Trump himself has previously vowed to appoint judges that would overturn Roe v. Wade.
“Even with his unpredictability on matters of race and equality, Justice Kennedy gave us a reason to hope. To make our arguments. To expect that he might be persuaded to realize the Constitution’s promise,” Sherrilyn Ifill, president and director-counsel of the NAACP’s Legal Defense Fund, wrote in an op-ed for Politico.
“And now that Justice Kennedy has announced his retirement and Donald Trump is poised to nominate his replacement, it is not an overstatement to say that everything [former NAACP LDF chairman William] Coleman, myself and the justice himself believed in hangs in the balance,” Ifill continued.
The 14th Amendment could also impact a number of political issues that may find their way to the Supreme Court. In addition to abortion and LGBTQ rights, the 14th Amendment has been cited in lawsuits concerning HIV discrimination in the military, affirmative action in college admissions and the Trump administration’s attempt to put a citizenship question on the 2020 census.
Myrna Pérez, Deputy Director of the Democracy Program at the Brennan Center for Justice, predicted in an interview that the 14th and 15th Amendments will “increase in relevance” with regard to voting rights, describing the 14th amendment as “one of a number of really important protections for equal access to the ballot box.” The 14th amendment has been mentioned in legal arguments against both partisan and racial gerrymandering as well as voter ID laws.

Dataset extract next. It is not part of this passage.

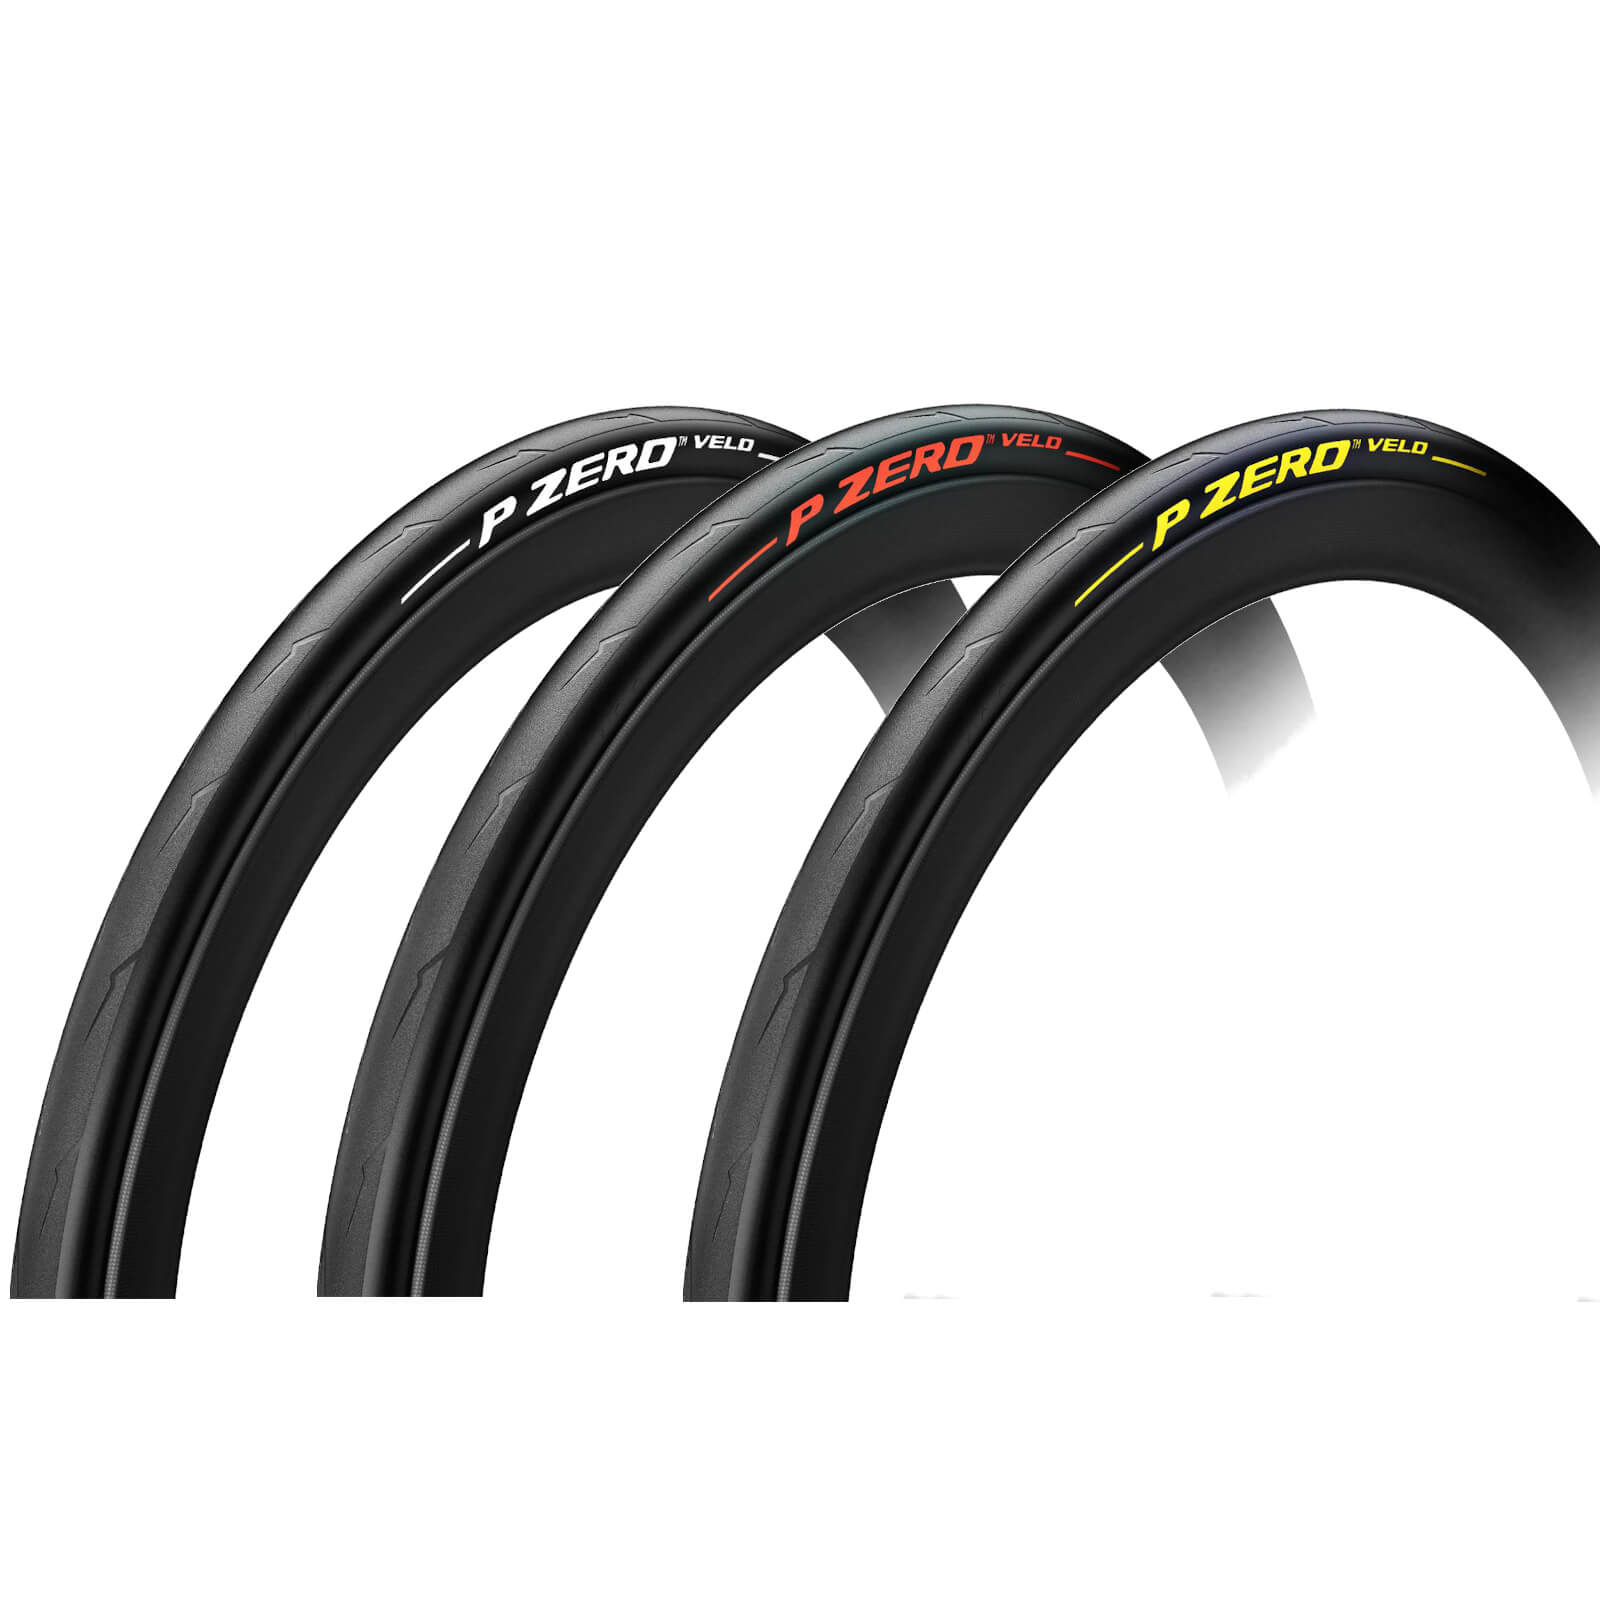 Pirelli P ZERO™ Race Colour Edition Tubeless Road Tyre Twin Pack - 26mm - Yellow Label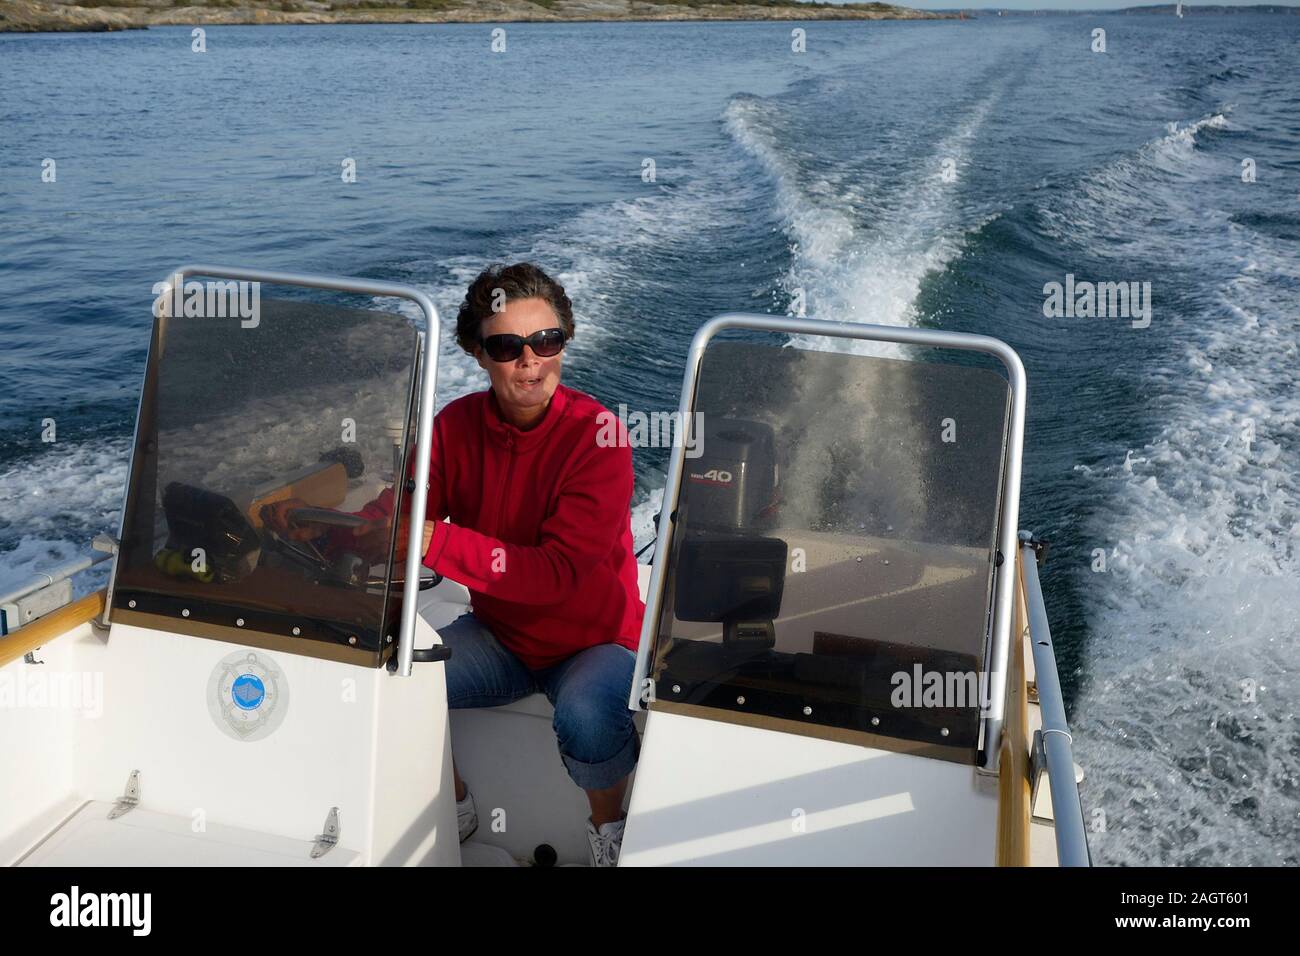 A woman steers a speed-boat on the calm sea. Stock Photo

The 14th Amendment “has been the foundation of our ongoing efforts to make America a more inclusive nation of equal opportunities and responsibilities,” former President Bill Clinton wrote on Twitter on Monday. “It’s a cornerstone of our extraordinary economic success, social cohesion and political influence around the world.
“In spite of the benefits equal protection has brought to all of us, it is under relentless attack today,” Clinton added. “We have to fight to protect and strengthen it. Our children’s future depends on our resolve.”